问题
I am using spark sql to join three tables, however i get error with multiple column conditions.
test_table = (T1.join(T2,T1.dtm == T2.kids_dtm, "inner")
.join(T3, T3.kids_dtm == T1.dtm
and T2.room_id == T3.room_id
and T2.book_id == T3.book_id, "inner"))
ERROR:
Traceback (most recent call last):
File "<stdin>", line 4, in <module>
File "/opt/cloudera/parcels/CDH-5.7.0-1.cdh5.7.0.p0.45/lib/spark/python/pyspark/sql/column.py", line 447, in __nonzero__
raise ValueError("Cannot convert column into bool: please use '&' for 'and', '|' for 'or', "
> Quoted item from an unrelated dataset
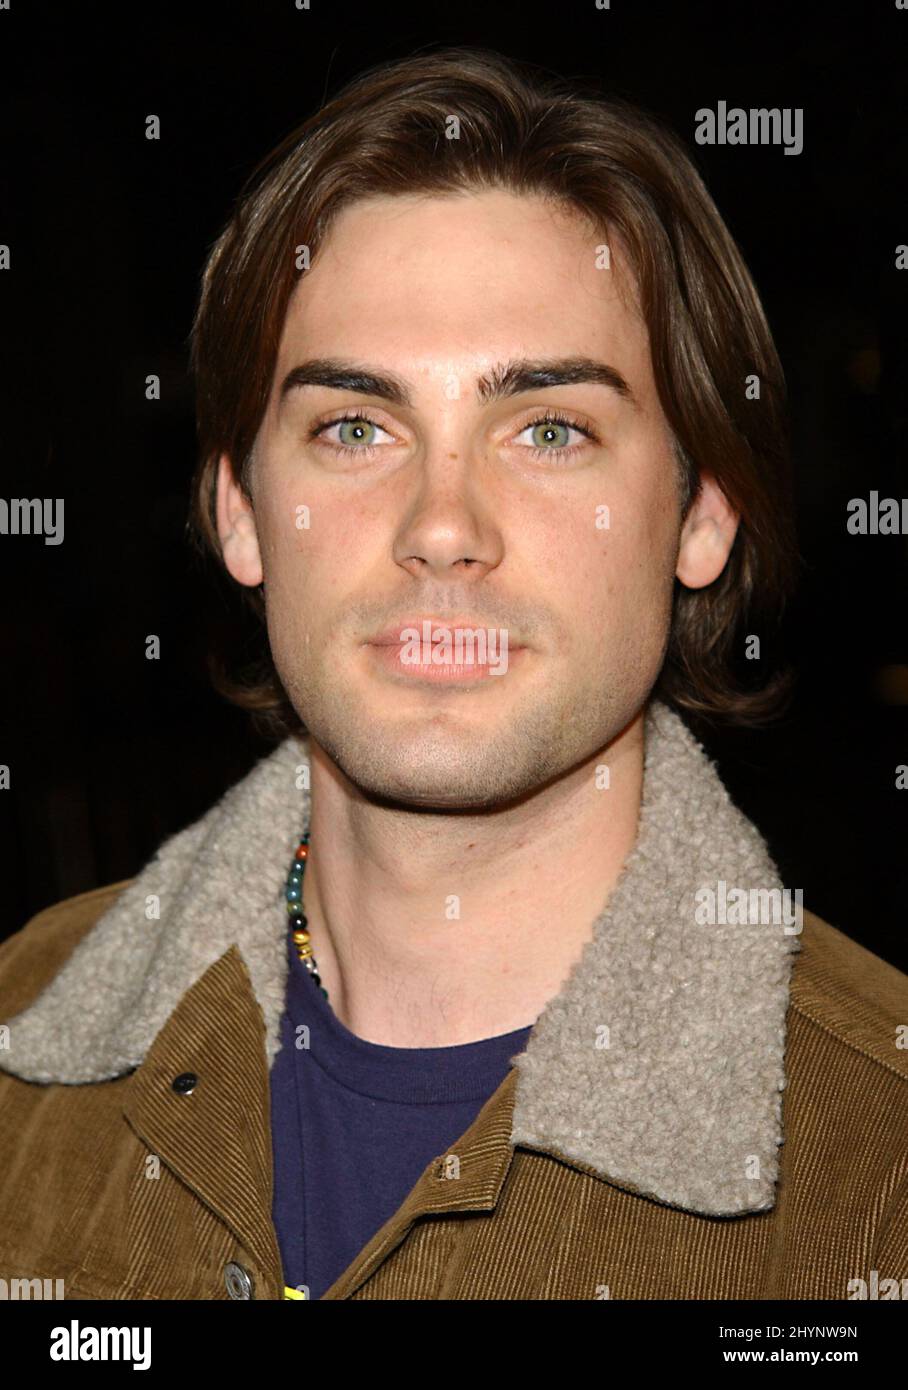 DREW FULLER ATTENDS THE 'PAYCHECK' PREMIERE AT GRAUMANN'S CHINESE THEATRE IN HOLLYWOOD. PICTURE: UK PRESS Stock Photo

ValueError: Cannot convert column into bool: please use '&' for 'and', '|' for 'or', '~' for 'not' when building DataFrame boolean expressions.
Instead of specifying "and", i have tried putting "&" and "&&" , but none of these work. Any help would be appreciated.
回答1:
Nvm, following works with use of "&" and brackets:
test_table = (T1.join(T2,T1.dtm == T2.kids_dtm, "inner")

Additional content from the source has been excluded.